The depth of information

Passed from walking neurons

On my countertop seeking spoiled fruit

I spray and suffocate with soap and water

The liquid sliding off the shiny black dots and spreading to the edge

A shimmering, shining surface, a glass ocean of no depth, no volume,

No story or life. The frozen bodies of ants drift like the edges

Of a real organic volume coming to a full stop

Fingertips when the body turns flay out

And curl in when you turn around

Forgetting something inside

The bodies of ants lay still

On my formica countertop

Suffocated from fabuloso

In a fabric softener bottle

Time is the space granted by money between bills

When you can decide the color of your room

When you can decide the color of your eyes

And your future and your life

The moment that you decide is even time wasted,

Time better spent on the task you just decided

Do you think about bullet trains too,

Coated in ceramic white and flying

Blurring air and space

Are they falling forward

Pushed by fancy chrome magnets

That could probably save the world

Or cure cancer or make a new shape for math

Or send a train to portland blisteringly fast

Are they simply falling, perpetually leaning

Into the rails, waiting to take the weight

Of the ceramic coating, the metal frame,

The plastic seats, and the sleeping passengers

To screeching, mach speed impact, that simply

Never arrives?
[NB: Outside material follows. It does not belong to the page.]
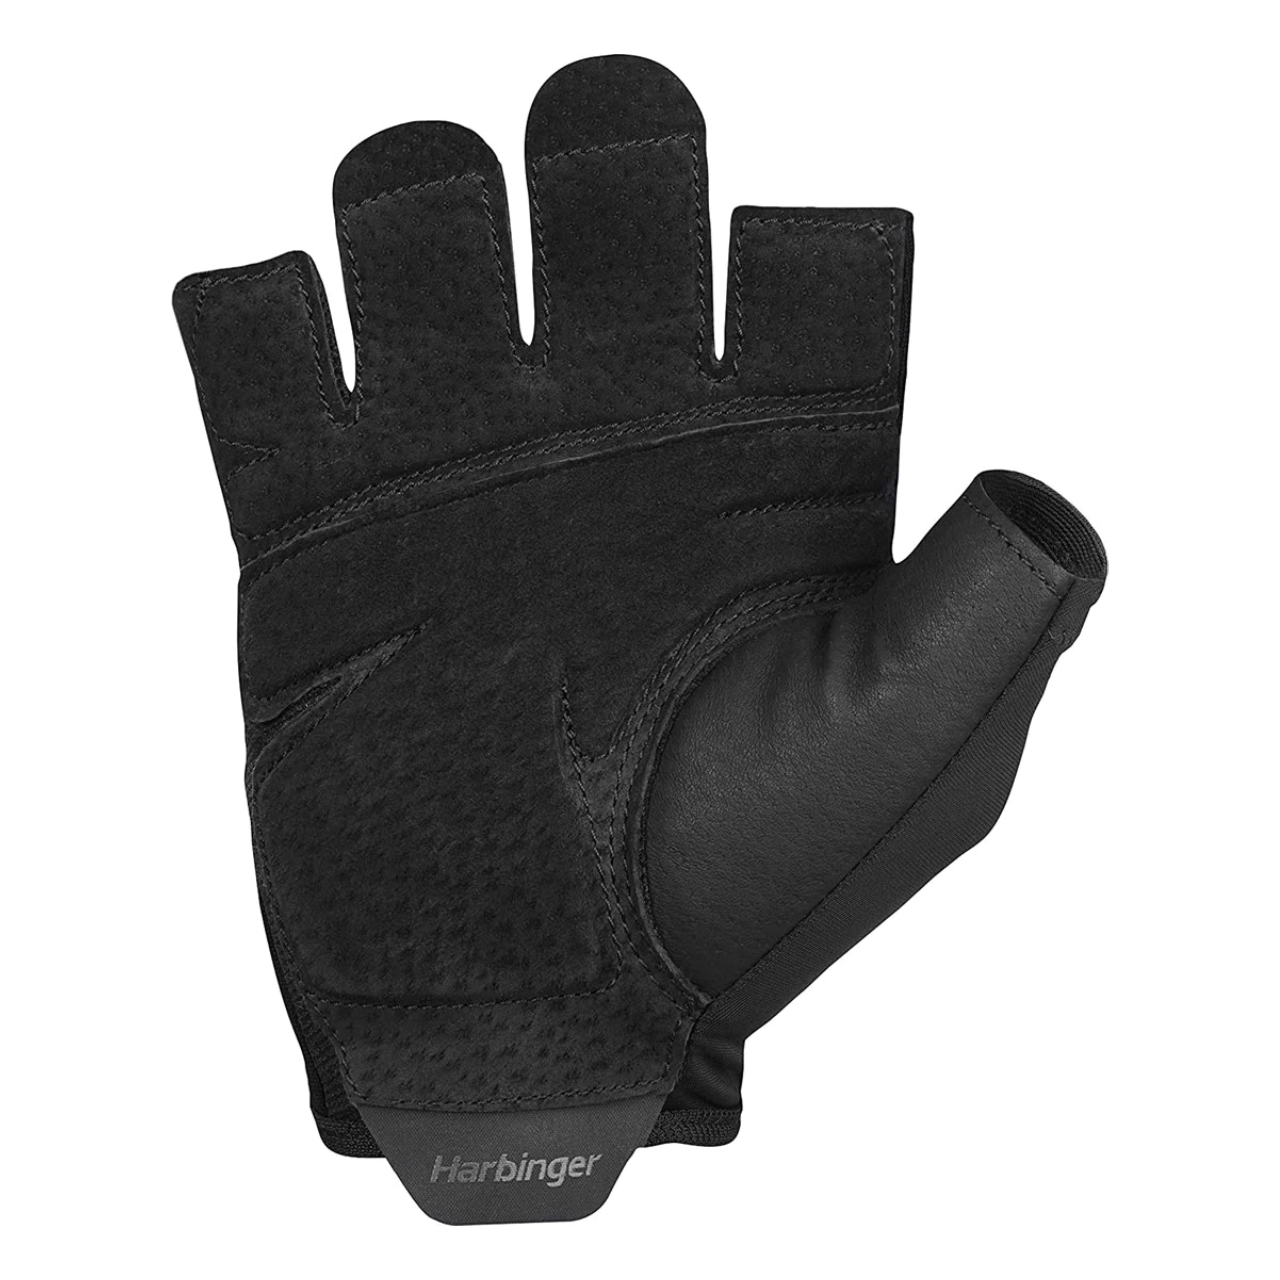 Harbinger Training Grip 2.0 Fitness Gloves, Unisex

That engineering has put a fist’s space

Between the mechanical snake and its metal race track

Is this reflected, is this train a self portrait, a futurist ode,

Do we topple down the tube so quickly that we cannot see

A single particle we have left behind? That the long fluorescent lamps,

Click off, dismount from the wall, collapse to the floor and shatter

Out of sight, out of mind, out of existence altogether,

Rendered only is the air we perceive and the progress

We may immediately capture, and from what

It progresses; the story does not deviate,

As the neodymium grips the cabin

And throws it with all its earthly might

Down the way

Trying to get the cargo van from home depot

I come into the parking lot and witness a parking lot

With no cargo van. Yet I enter the establishment, I approach

The customer service and rental vehicle booth, and I ask,

Do you have the cargo van, at the moment?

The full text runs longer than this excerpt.